What you have to do :: Leave out the images and return all the data word for word.
[Collected material — start]
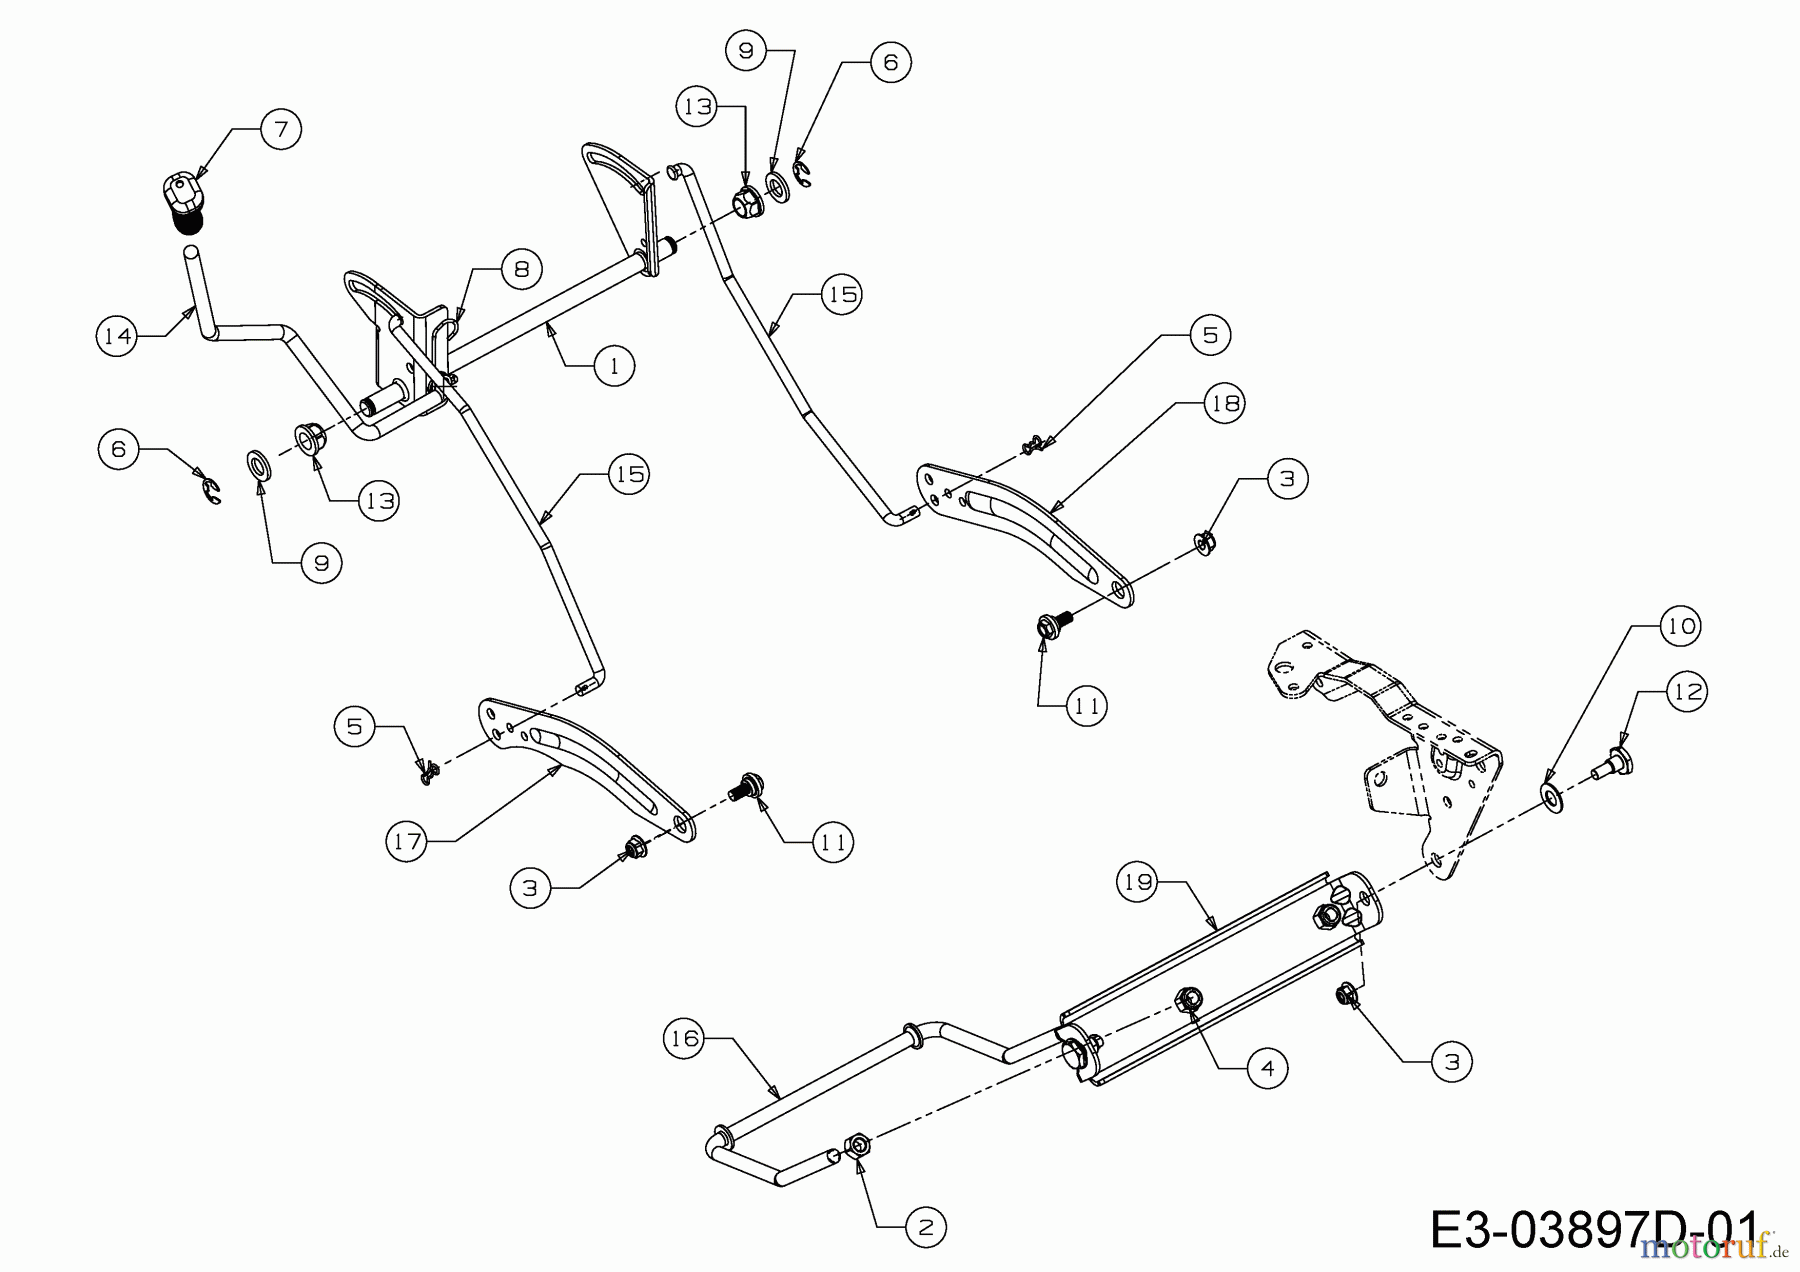  Dormak Tracteurs de pelouse TX 36 T 13HH76SE699  (2017) Relevage plateau de coupe
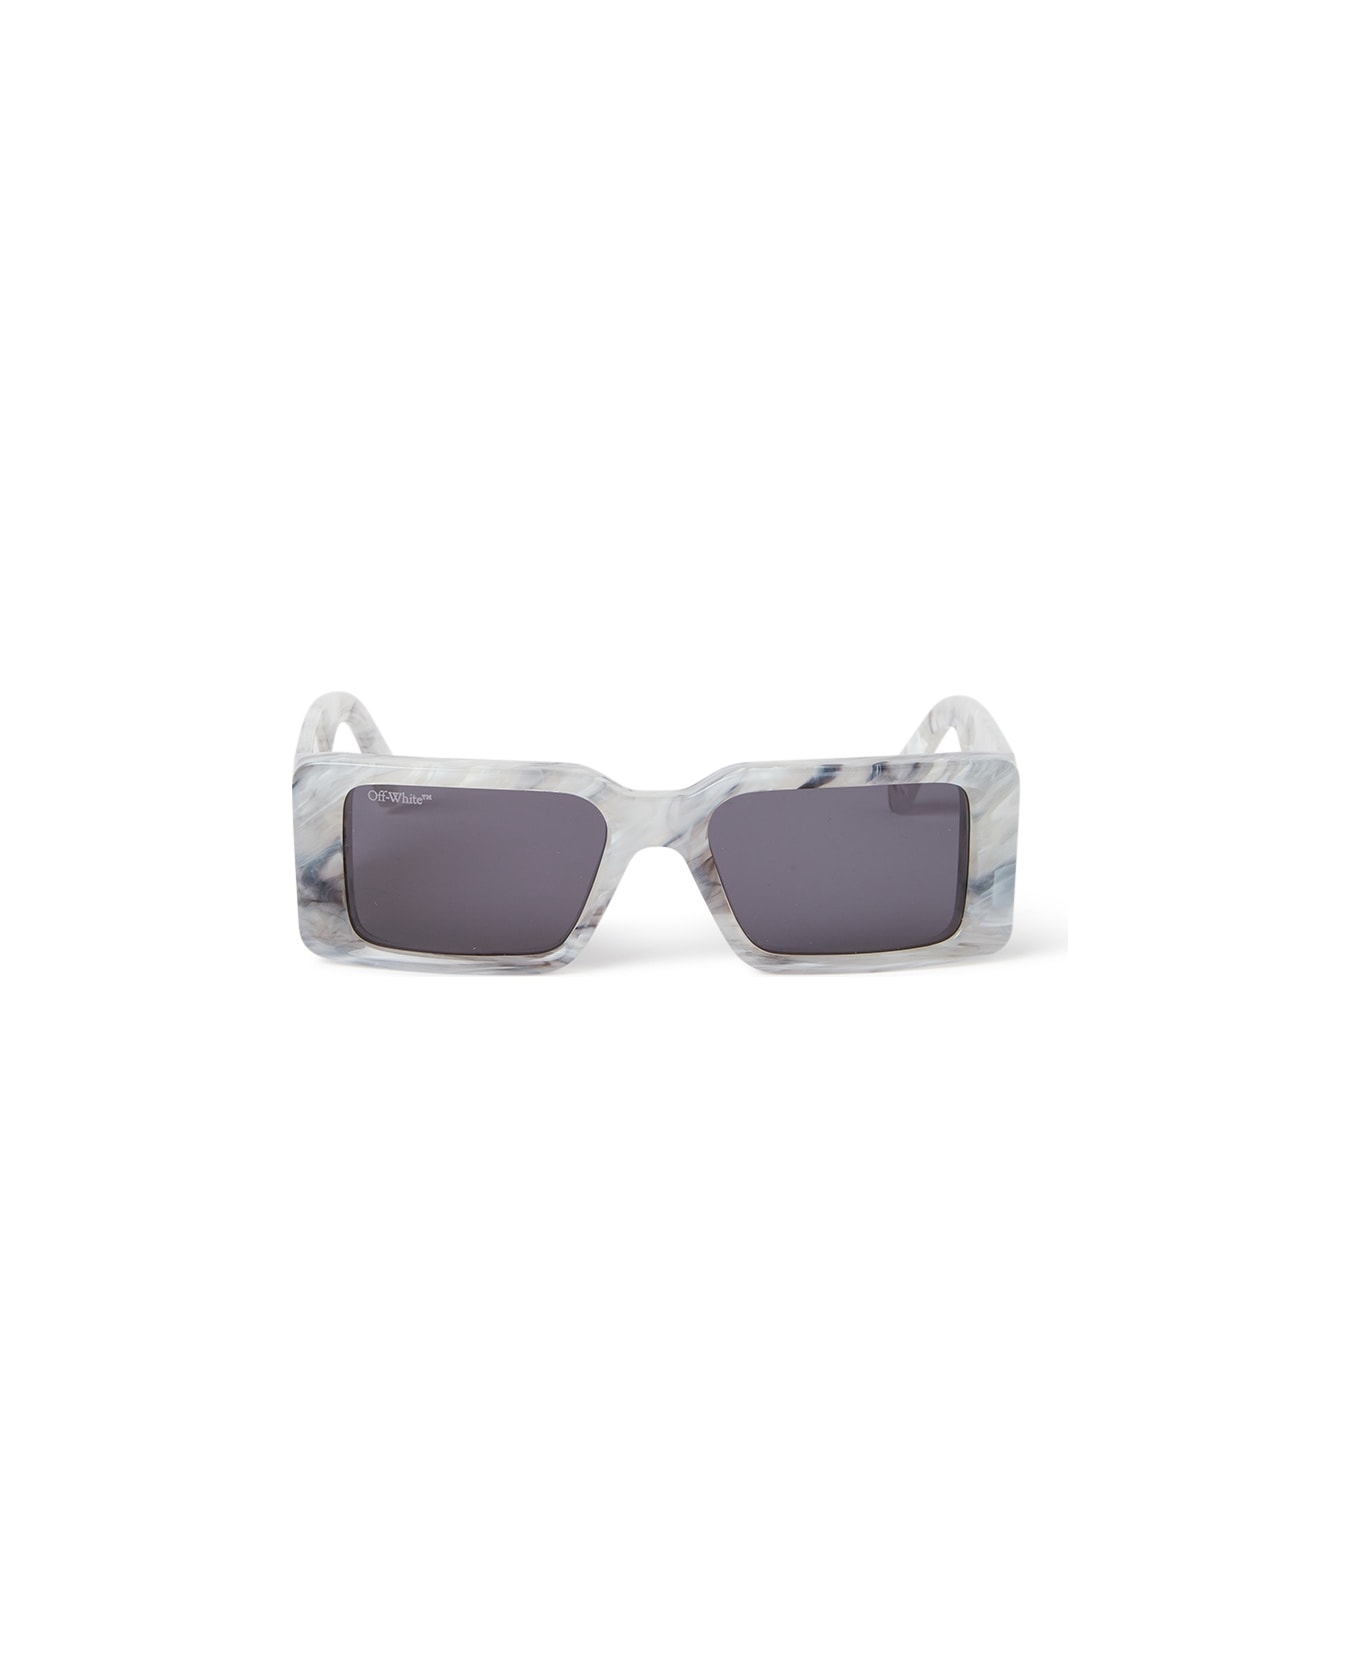 Off-White OERI097 MILANO Sunglasses - Marble
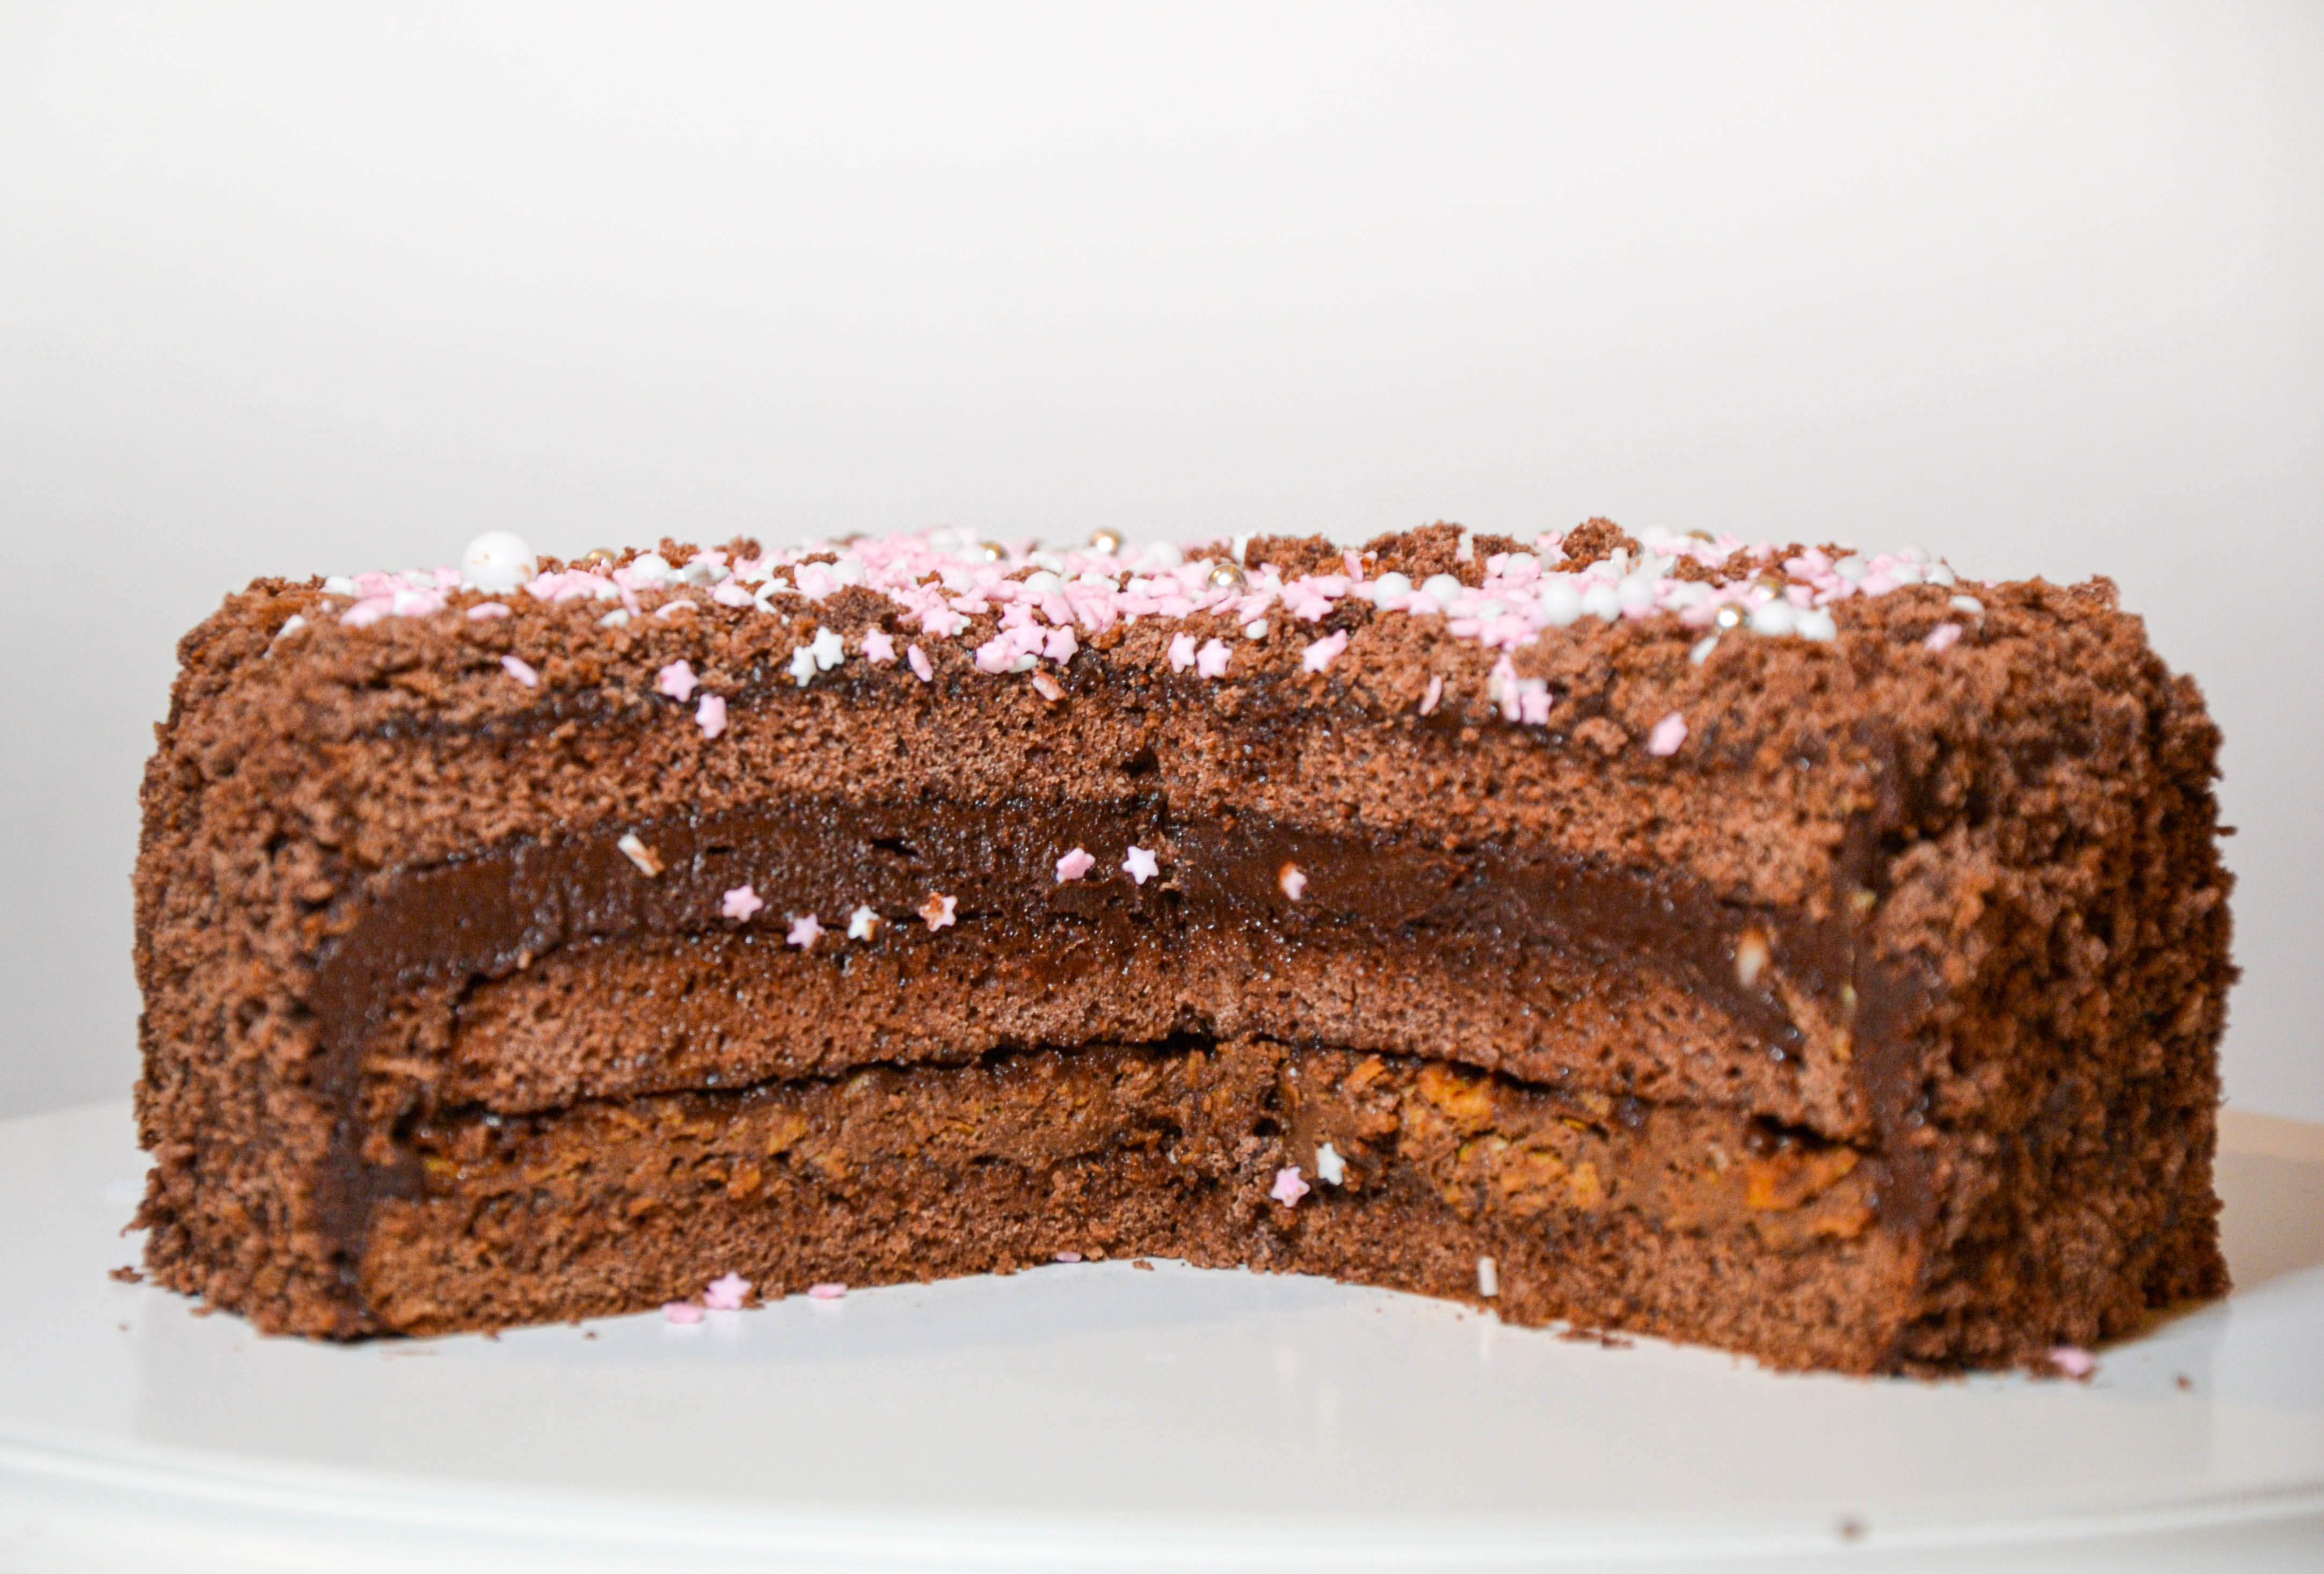 Šokoladinis biskvitinis tortas su traškučiu ir sviestiniu kremu
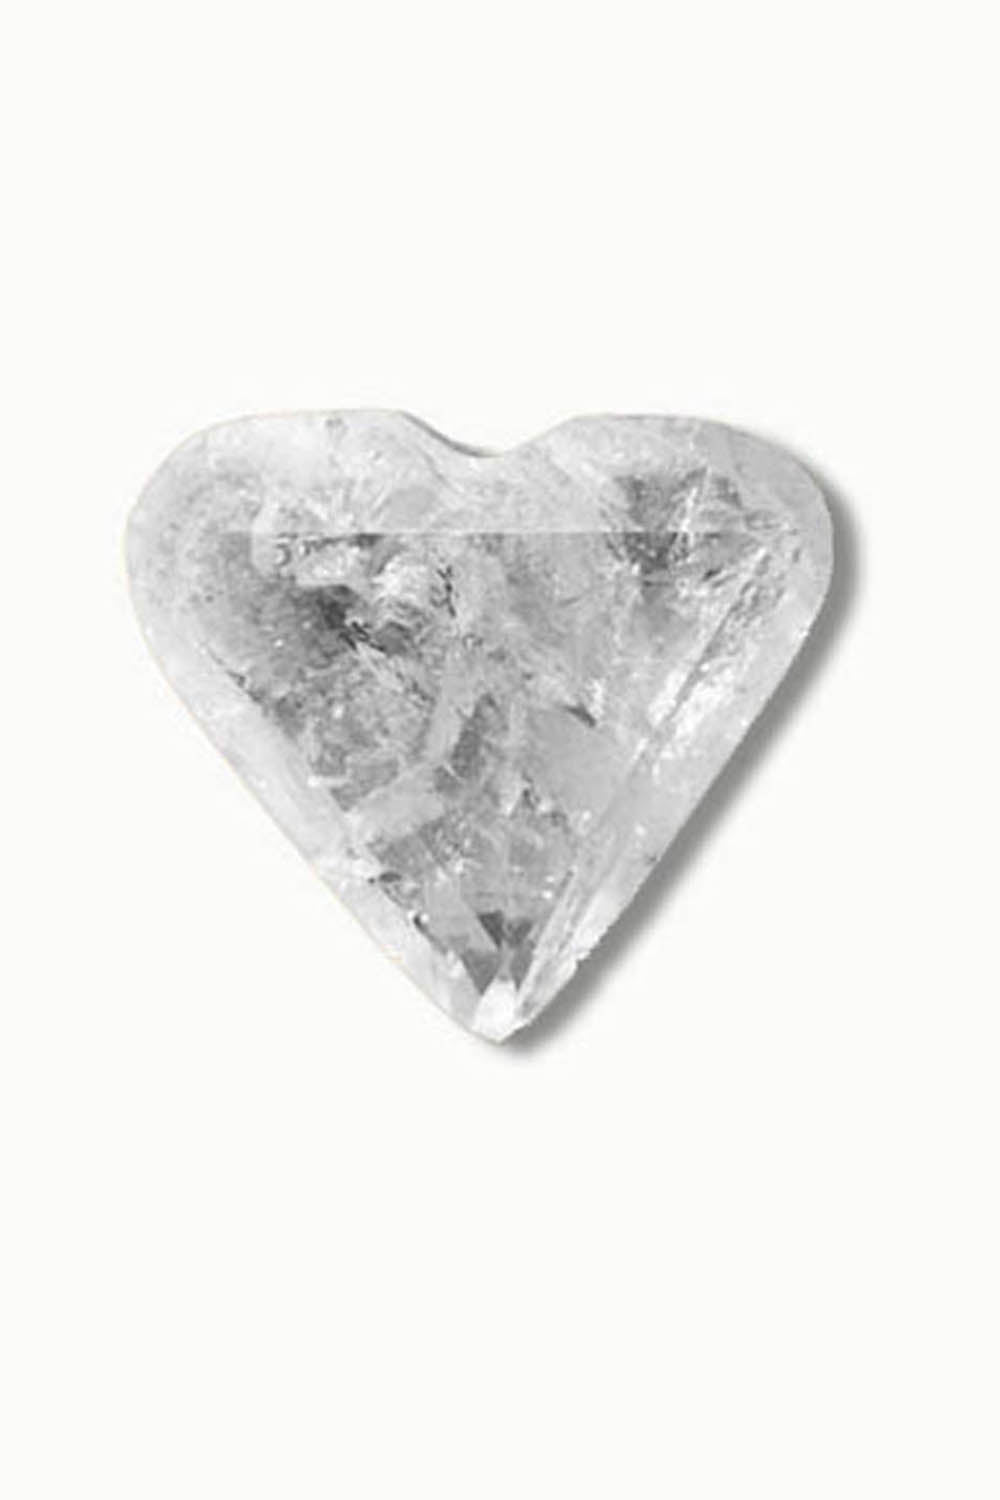 Lemurian Clear Quartz Heart Crystal
[Collected material — finish]
Answer box ::
  Dormak Tracteurs de pelouse TX 36 T 13HH76SE699  (2017) Relevage plateau de coupe
 Off-White OERI097 MILANO Sunglasses - Marble
 Šokoladinis biskvitinis tortas su traškučiu ir sviestiniu kremu
 Lemurian Clear Quartz Heart Crystal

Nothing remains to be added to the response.